Football: What’s All the Fuss About With Split Divisions in Class 5A?

Football: What’s All the Fuss About  With Split Divisions in Class 5A?

by Steve Gamel

If you’ve been paying attention to high school football storylines, you may have heard about the University Interscholastic League’s plans to move forward with a split division format before the start of next season.

Under this format, all Class 5A teams will be split between Division I and Division II for the regular season and playoffs based on their enrollment numbers. The goal is to match schools of similar size with one another rather than having smaller schools squaring off against schools with larger numbers and depth to pull from.

The UIL will use enrollment numbers turned in on Oct. 27 to determine every team’s fate for realignment day in February.

Split divisions is really not a foreign concept, anyway. Teams competing in Class 4A and below are already using it. But with any great plan, there can always be the potential for chaos. So what’s all the fuss?

According to a Dallas Morning News article last month, the biggest concern is fear of the unknown. For example, Woodrow Wilson High School in Dallas sits on the borderline between Division I and Division II using current enrollment figures, the DMN article states. Since Dallas ISD schools – which are all in close proximity to each other – could fall on different sides of the division cutoff number, Wilson’s district mates could change drastically. This could in turn create scheduling and transportation issues.

There is also the possibility that the cutoff numbers in each classification (1A through 6A) could change and force teams that are on the bubble between 5A and 6A to move up a weight class.
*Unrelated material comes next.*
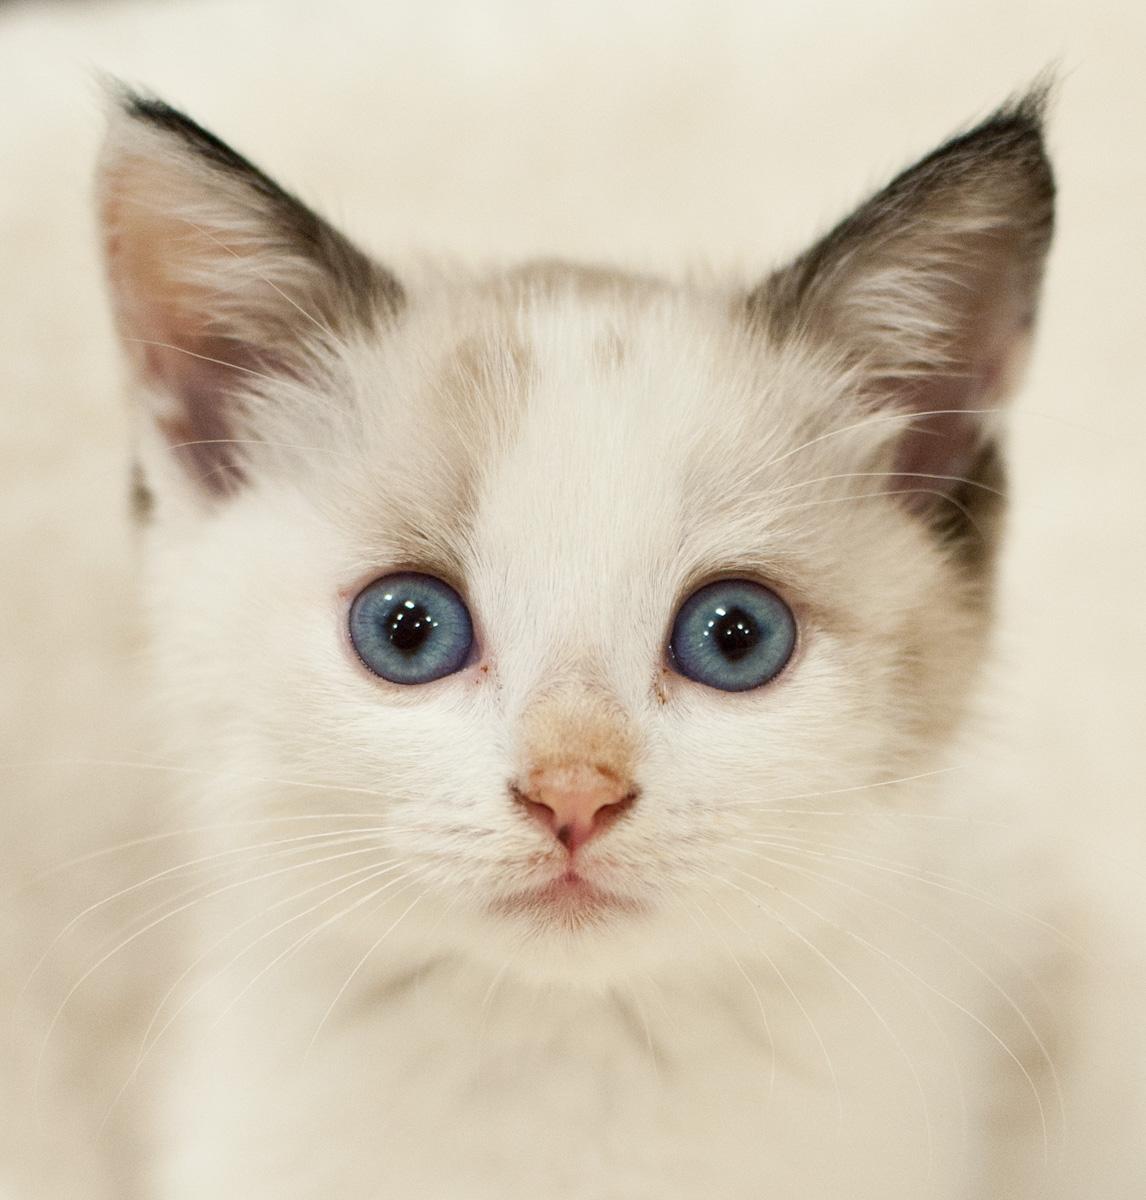 Discount Spay/Neuter   VSA Animal Rescue - Adoption - Foster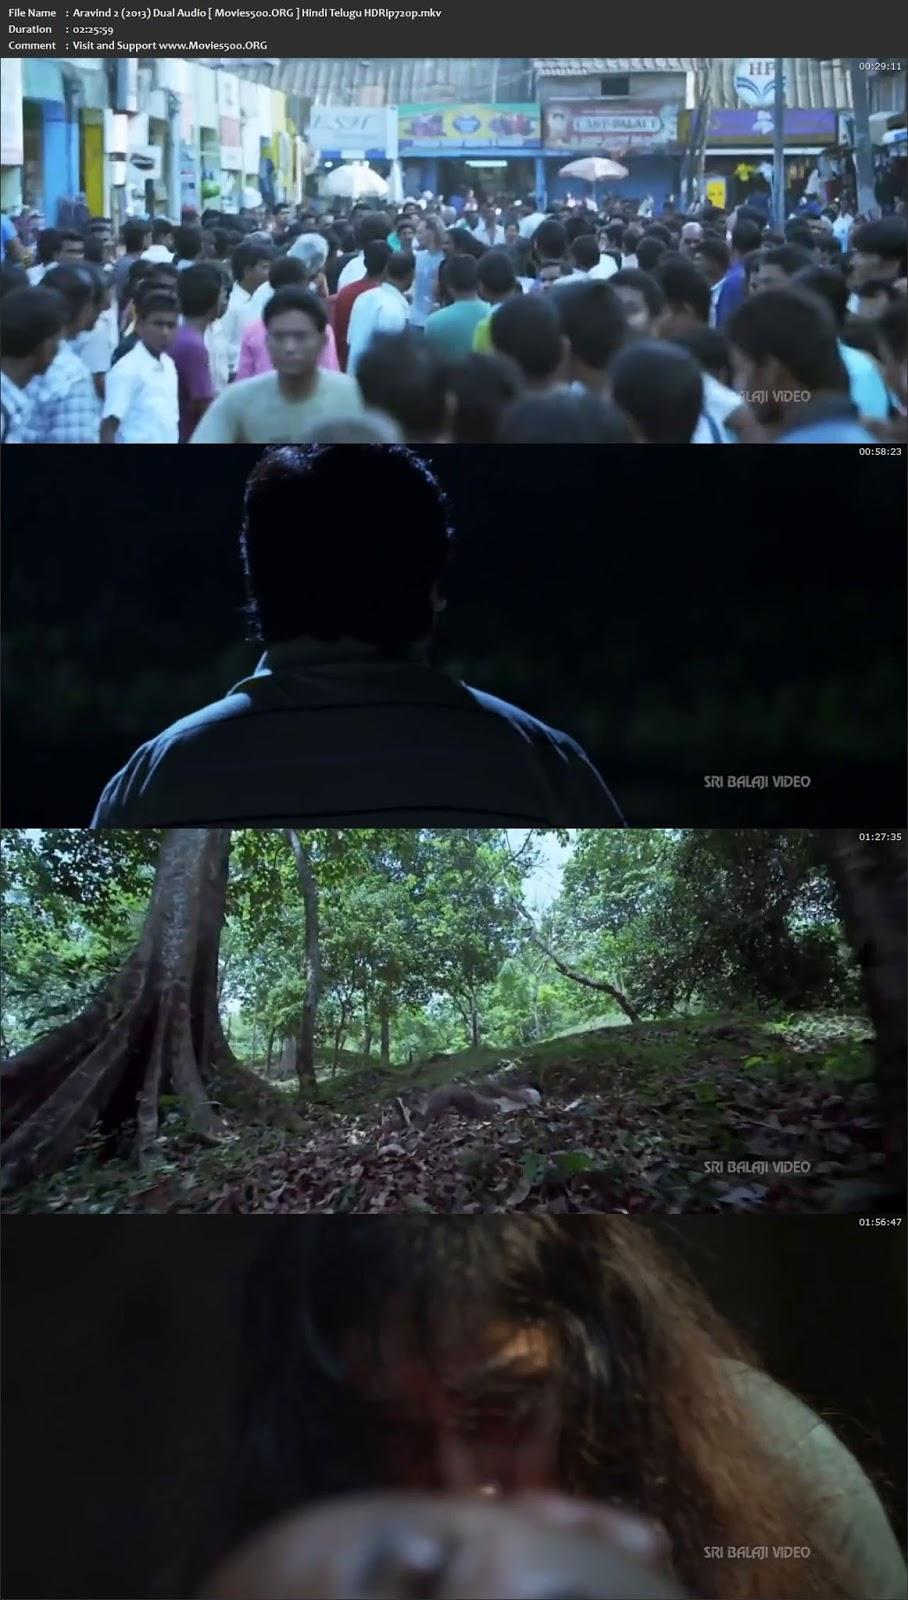 Aravind 2 (2013) Hindi Dubbed 490MB Download HDRip 480p

Highland Park, for example, is a large 5A school, but spent 2014 and 2015 in Class 6A and could find itself moved up again.

Lake Dallas football coach Michael Young can see cause for concern when it comes to the threat of more travel. But that’s where all the concerns should end.

“It levels off the disparity and creates a level playing field, because you won’t have teams with an enrollment number of 1,100 competing against schools with enrollment numbers at 2,200,” Young said. “As an example, Division II could be schools with enrollments between 1,100 and 1,600. Any coach will tell you that numbers are very important.”

Another benefit Young pointed to is a consistent playoff structure. Under the current format, teams are split into different divisions once playoffs start, which means teams that win district don’t always get matched up with the right opponent.

“If you win your district, you’re supposed to play the fourth place team from whatever district you are lined up with,” Young said. “But it doesn’t always work out that way. We’ve had it happen here where we won our district and ended up facing a second-place team in the first round. That doesn’t make any sense. This new format should fix that.”